Time Complexity: Check if Number is Even or Odd Using Bits
O(1)
0
0
Check if Number is Even or Odd Using Bits in DSA Python - Time & Space Complexity
Understanding Time Complexity
We want to know how fast we can tell if a number is even or odd using bits.
How does the time to check change as the number gets bigger?
Scenario Under Consideration
Analyze the time complexity of the following code snippet.
def is_even(num: int) -> bool:
return (num & 1) == 0
number = 42
print(is_even(number)) # True if even, False if odd
This code uses a bitwise AND to check the last bit of the number to decide if it is even or odd.
Identify Repeating Operations
Identify the loops, recursion, array traversals that repeat.
- Primary operation: A single bitwise AND operation.
- How many times: Exactly once per function call.
How Execution Grows With Input
The operation always takes the same time no matter how big the number is.
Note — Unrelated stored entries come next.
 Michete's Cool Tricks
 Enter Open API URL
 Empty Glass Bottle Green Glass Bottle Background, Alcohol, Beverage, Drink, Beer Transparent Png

| Input Size (n) | Approx. Operations |
|---|---|
| 10 | 1 |
| 100 | 1 |
| 1000 | 1 |
Pattern observation: The time does not grow with input size; it stays constant.
Final Time Complexity
Time Complexity: O(1)
This means the check takes the same small amount of time no matter how big the number is.
Common Mistake
[X] Wrong: "Checking bits takes longer for bigger numbers because they have more bits."
[OK] Correct: The operation only looks at the last bit, so it always takes the same time regardless of number size.
Interview Connect
Knowing this quick bit check shows you understand how computers work with numbers and can write very fast code.
Self-Check
"What if we checked multiple bits to find if a number is divisible by 4? How would the time complexity change?"